Three pairs of intriguing triterpenoid enantiomers from Lycopodium japonicum
摘要
Three pairs of intriguing triterpenoid enantiomers, named (-)-onocerin (1), (+)-onocerin (2), (-)-onocerin A (3), (+)-onocerin A (4), (-)-onocerin B (5), (+)-onocerin B (6), together with two biogenetically related triterpenoids, 3β,21α-dihydroxy-serrat-14-en-16-one (7) and serrat-14-ene-3β,21α-diol (8), were isolated from Lycopodium japonicum Thunb. New compound 1 and known compound 2 were one pair triterpenoid enantiomers, whose absolute configurations were determined by X-ray crystallographic analysis.
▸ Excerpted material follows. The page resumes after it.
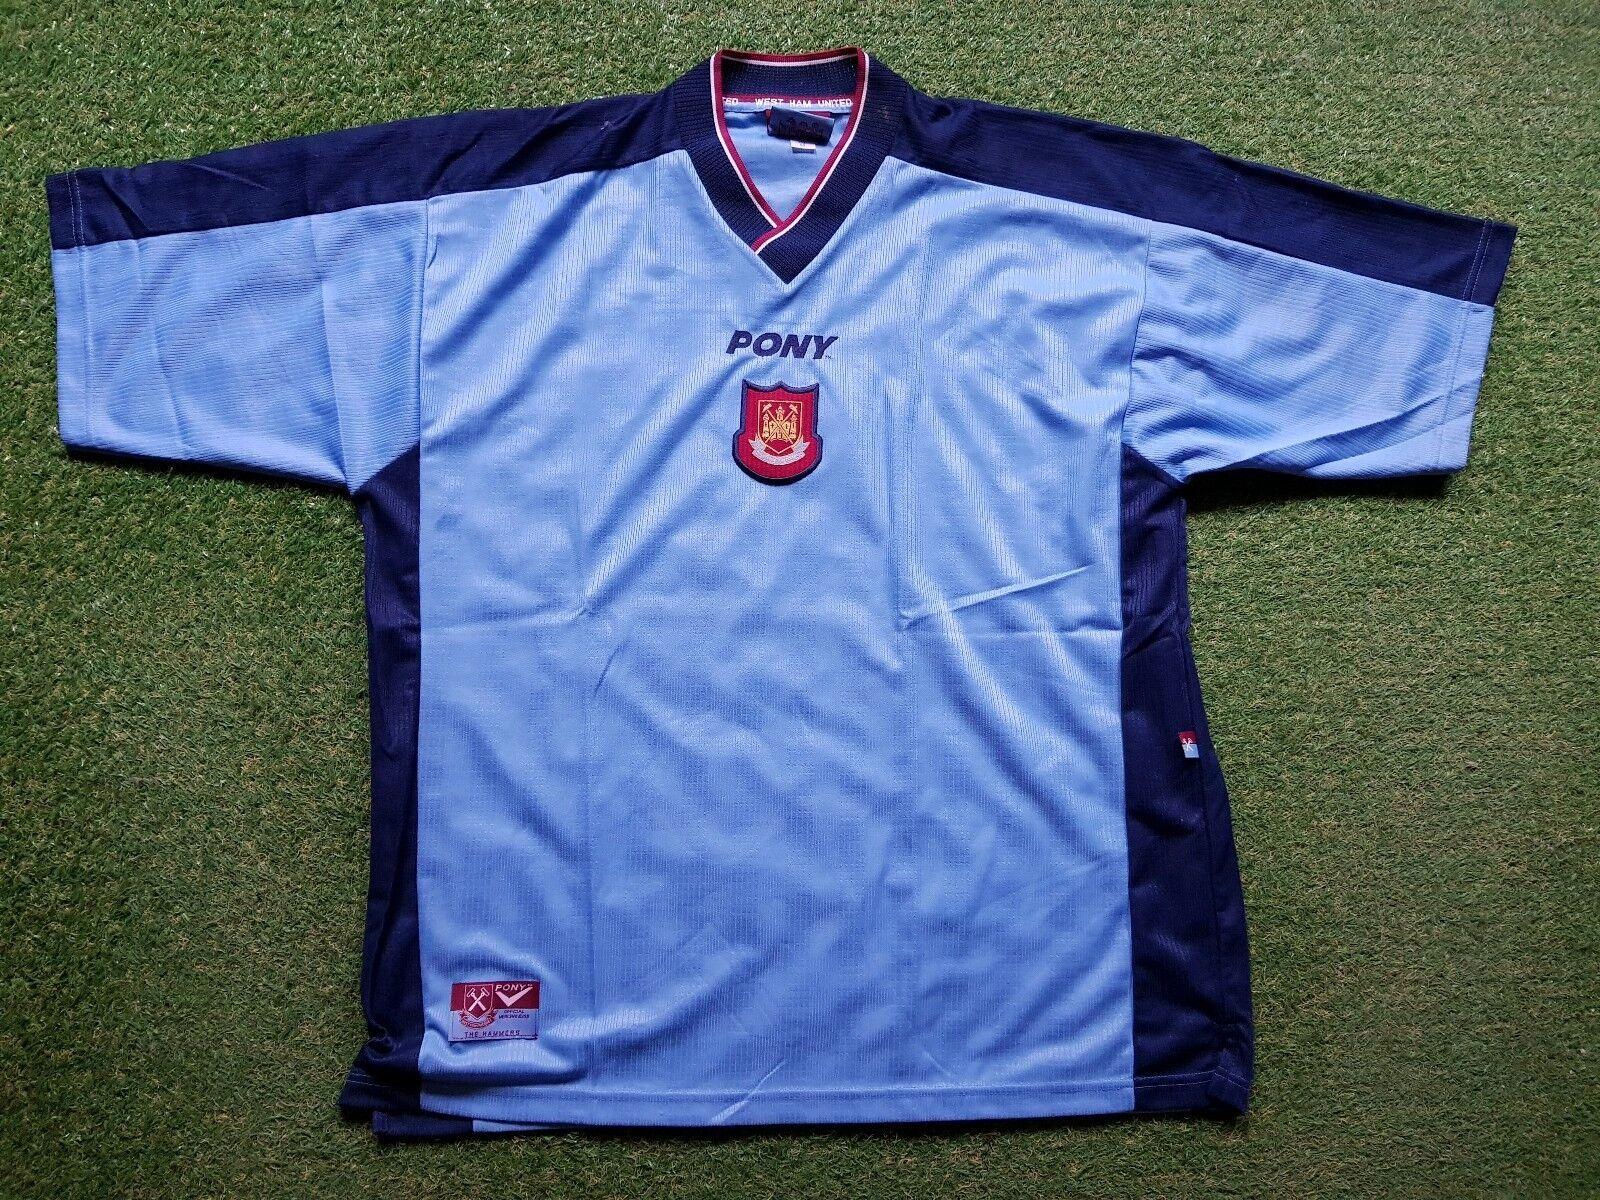 West Ham United Fútbol Camiseta XXL Pony Jersey Camiseta Maillot Camiseta 1996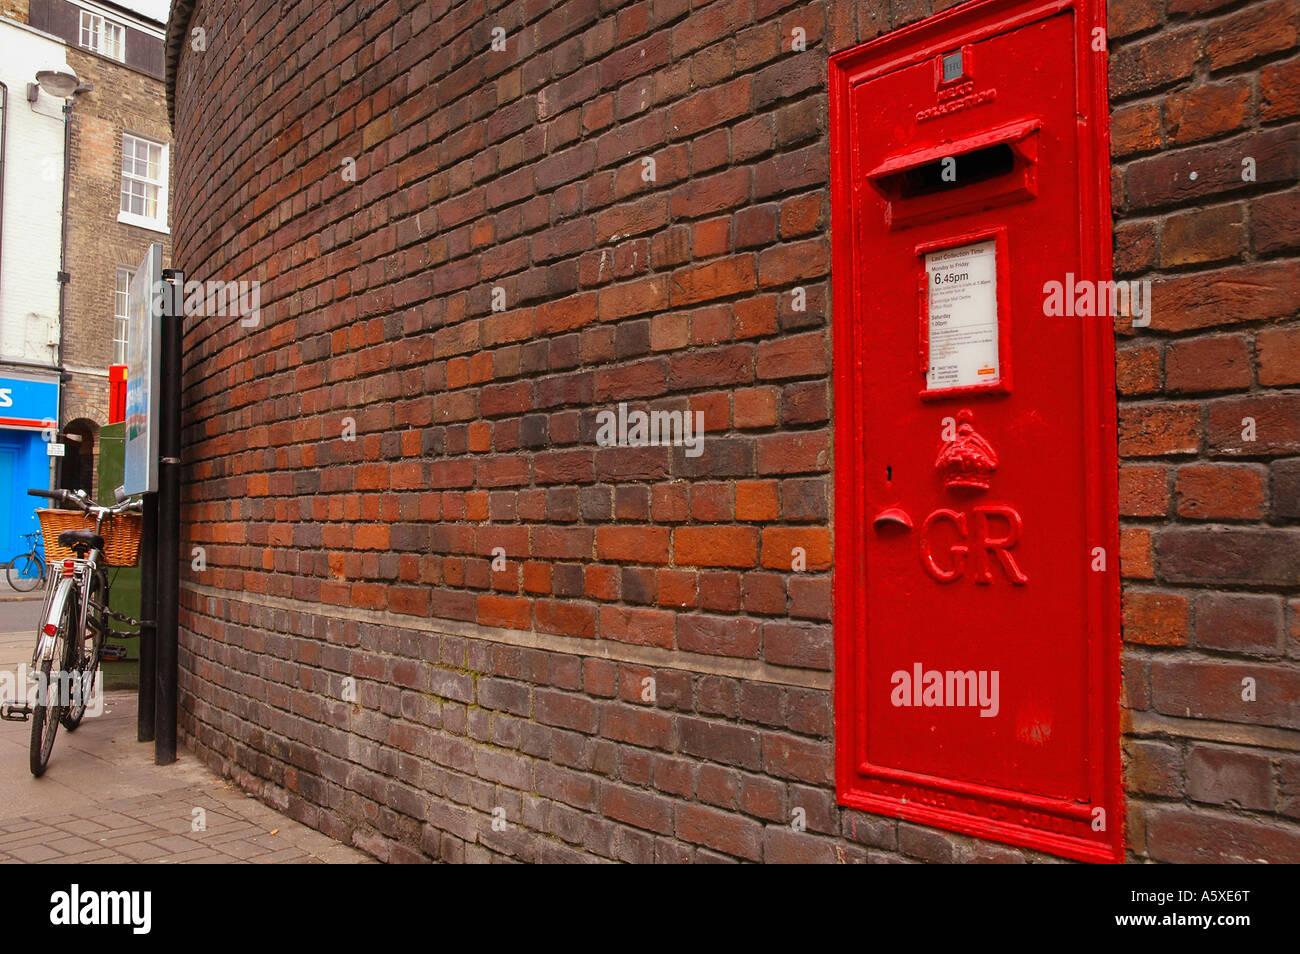 Painet iw1900 england cambridge university jesus lane brick wall mailbox sidney sussex college - Stock Image

Compounds 3/4 and 5/6 represent two pairs of new triterpenoid enantiomers, whose absolute configurations were determined by Mosher's ester method. This work provides an important new insight, being the first report on the identification of terpenoid enantiomers in Lycopodium species to our knowledge. Compounds 1–8 were evaluated for their acetylcholinesterase (AChE) inhibitory activities and the cytotoxic activit ies against four human cancer cell lines. Compounds 1, 3, and 5 demonstrated notable AChE inhibitory effects, showing IC50 values over 10-fold lower compared to their enantiomers, with values of 2.35 ± 0.22, 3.21 ± 0.12, and 3.62 ± 0.10 μM, respectively. Compounds 7 exhibited potent activities against four cancer cell lines (HeLa, MCF-7, A549, and MGC-803) with IC50 values of 1.86–36.74 μM. Molecular docking and molecular dynamics (MD) simulations of compounds 1–6 revealed that the observed differences in biological activity arise from conformational variations. These conformational differences result in distinct capacities of the enantiomers to access the active site pocket of AChE.